Louis Ibah and Uche Usim
The Federal Government on Tuesday assured Nigeria’s flying public on the safety and airworthiness of aircraft operating or flying into the country’s airspace even as more countries around the world announce the suspension of the Boeing 737-800MAX airplanes following safety concerns after a crash involving the Ethiopian Airlines in Addis Ababa on Sunday.
The Ethiopian Airlines B737 Max NG on Sunday was the second within 5 months coming on the heels of the Indonesia’s Lion Airlines incident in November 2018 .
Meanwhile, following the unfortunate development, Australia, Oman, Malaysia, Singapore, Mexico, Germany, France, Austria, Ireland, the United Kingdom and the European Union, on Tuesday joined Indonesia, China, India, Cayman Island, and Ethiopia to ban the use of the Boeing 737-800MAX in their airspace.
In a spontaneous reaction to the rising global aviation response banning the use of the aircraft in their various jurisdictions, Boeing shares dropped by 13 per cent on Monday, even as speculations were rife that more countries would ban its use in the days ahead.

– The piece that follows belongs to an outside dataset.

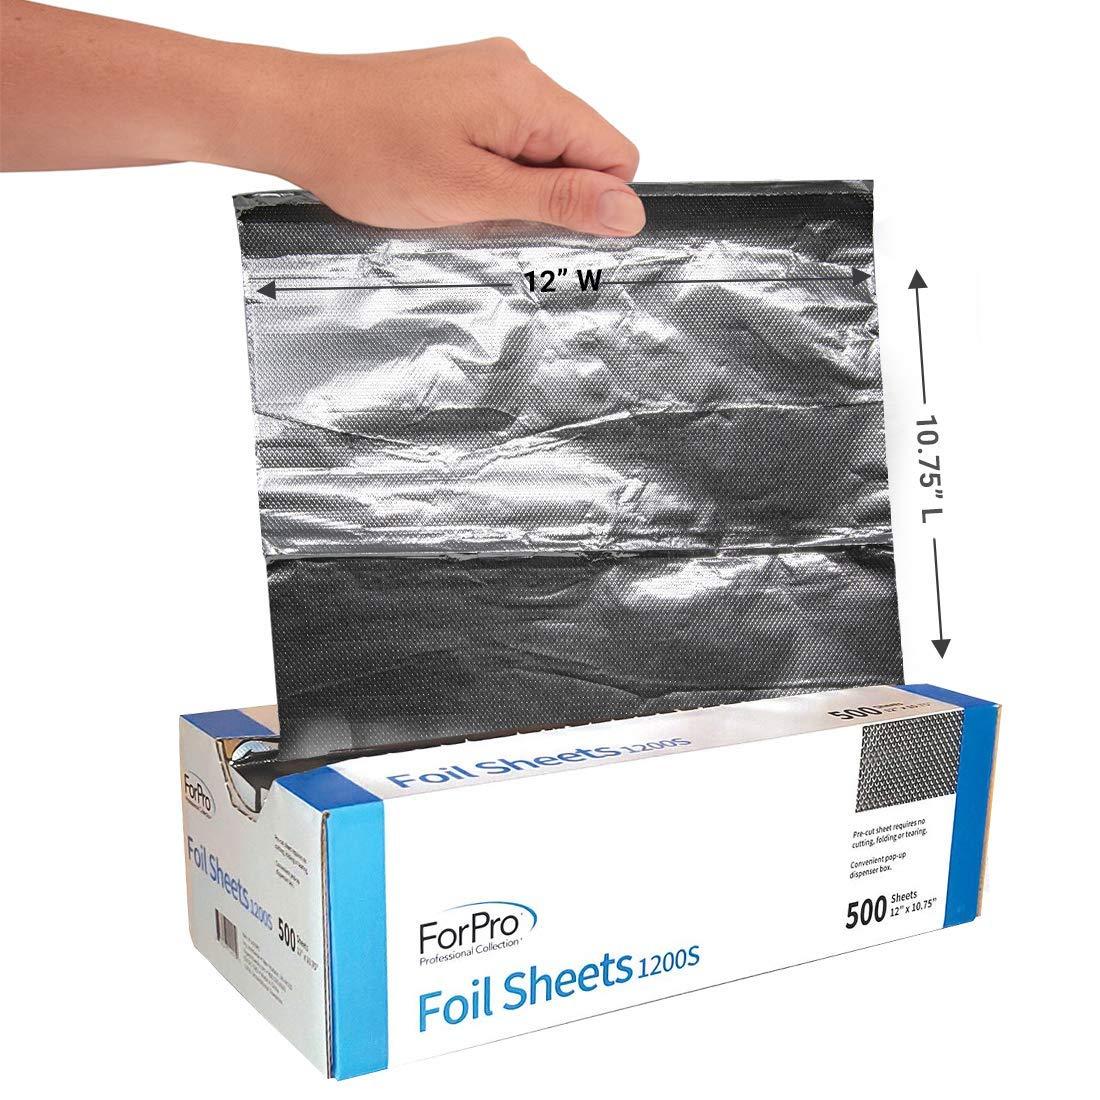 ForPro Embossed Foil Sheets 500S, Aluminum Foil, Pop-Up Foil Dispenser,  Hair Foils for Color Application and Highlighting Services, Food Safe, 5” W  x 10.75” L, 1000-Count

In Nigeria, where Air Peace was already awaiting the delivery of 10 of the B737MAX-8 aircraft, some airline operators told Daily Sun that they recorded a drop in passenger patronage with many fearing that the accident prone aircraft type was already in operation in the nation’s airspace.
This prompted some industry stakeholders to call for a halt in the supply of the aircraft for use by the local carrier in line with global trend.
President of the Aviation Round Table (ART), Mr. Gabriel Olowo, told journalists yesterday that “these series of fatal accidents call to question the safety in the design of the Boeing 737-800Max series by the manufacturer and its certification to fly by the US FAA – the safety regulation authority in the country of manufacture.”
“Aviation regulatory bodies should therefore demand that the aircraft be temporarily grounded from commercial operations pending the determination of the cause of its incessant crashes,” Olowo said.
But the Nigerian government on Tuesday dispelled fears the aircraft was already in use in the country, assuring “there was no cause for alarm.”
Industry regulator, the Nigerian Civil Aviation Authority (NCAA) in a statement said “it is consciously monitoring the developments globally regarding the suspension of the Boeing 737MAX aircraft with a view to taking necessary steps that will enhance the safety of all aircraft in operation within the Nigerian airspace.”
“There is no cause for alarm. Presently, the accidented aircraft type, Boeing 737 – Max 8 is not in operation in Nigeria,” spokesman for the NCAA, Sam Adurogboye said in a statement.
“The NCAA wants to reassure the public that it will continue to ensure that safety regulations are strictly adhered to for safety of all in Nigeria,” he added.
For his part, the Minister of State for Aviation, Mr. Hadi Sirika speaking with journalists in Abuja also assured the flying public that the government has not issued any licence to any airline to fly the Boeing 737MAX aircraft in the country.